Working with the UCSF Library, he took the lead in making nearly 100 million pages of previously secret tobacco industry documents available to the entire world via the internet through the UCSF Truth Tobacco Industry Documents Library. More recently, he has worked with the Library and other colleagues to expand collections on the food (sugar), chemical, fossil fuel and opioid. This effort has help create a whole new area of scientific investigation based on tobacco industry documents.

Dr. Glantz served as founding Director of the UCSF Center for Tobacco Control Research and Education for 20 years, until he stepped down from that position in 2020. He was also a member of the Helen Diller Familiy Comprehensive Cancer Center Tobacco Program, Cardiovascular Research Institute and Philip R. Lee Institute for Heath Policy Studies.

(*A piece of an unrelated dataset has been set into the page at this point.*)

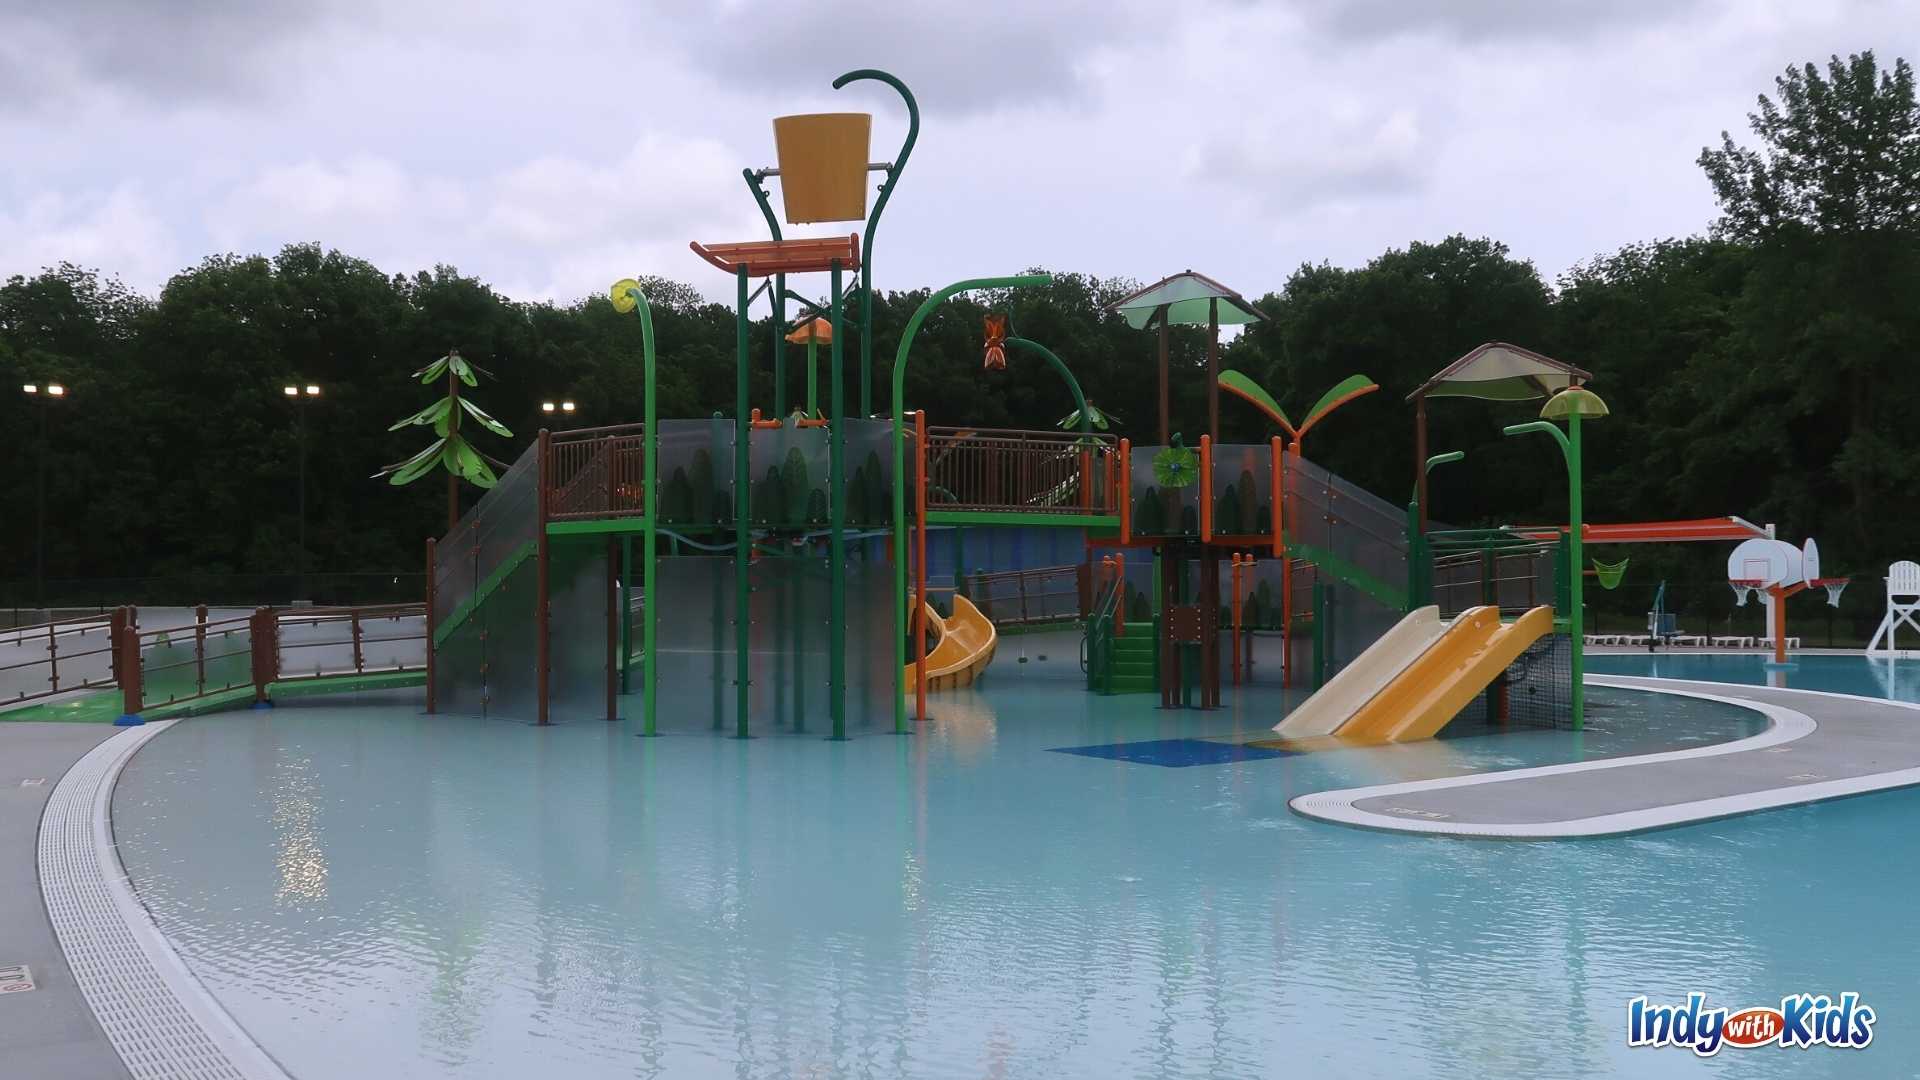 Public Pools Near Me: Murphy Aquatic Park in Avon is designed for inclusivity.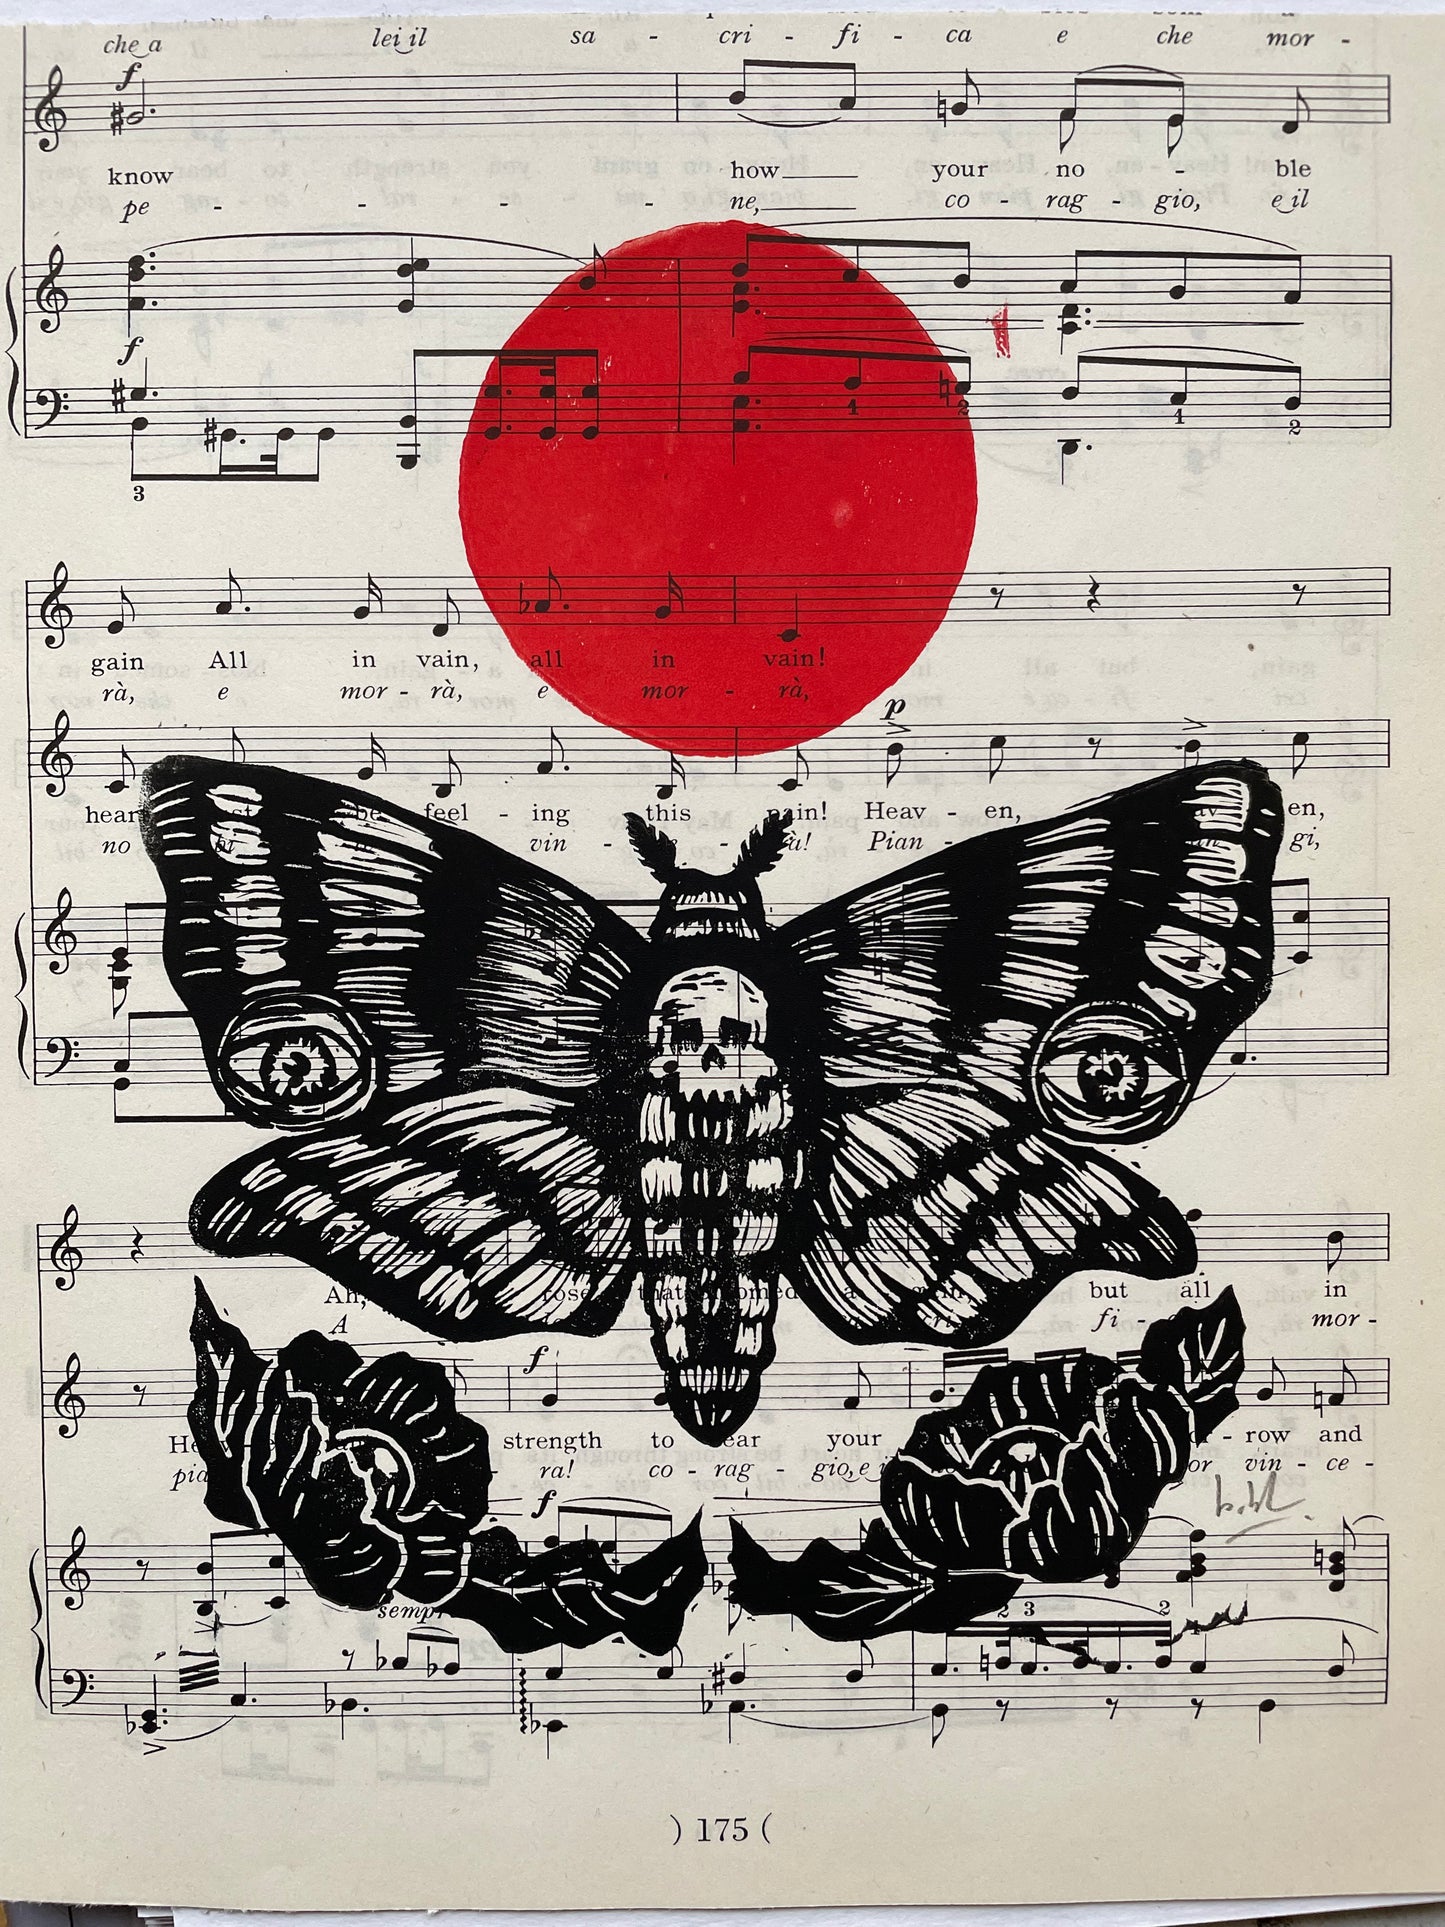 New Moon Moth Linocut Block Print 8x10

He served for 10 years as an Associate Editor of the Journal of the American College of Cardiology and for 3 years as an academic editor for PLOS One. He was the longest serving member of the California State Scientific Review Panel on Toxic Air Contaminants, from 1986 through 2020. He was elected to the National Academy of Medicine (formerly Institute of Medicine) in 2005.

He has traveled widely and lectured on scientific and policy issues related to e-cigarettes, clean indoor air, smoking in the movies, and effective tobacco and cannabis control strategies. His work has attracted considerable attention from the tobacco industry, which has sued the University of California (unsuccessfully) twice in an effort to stop Prof. Glantz’ work.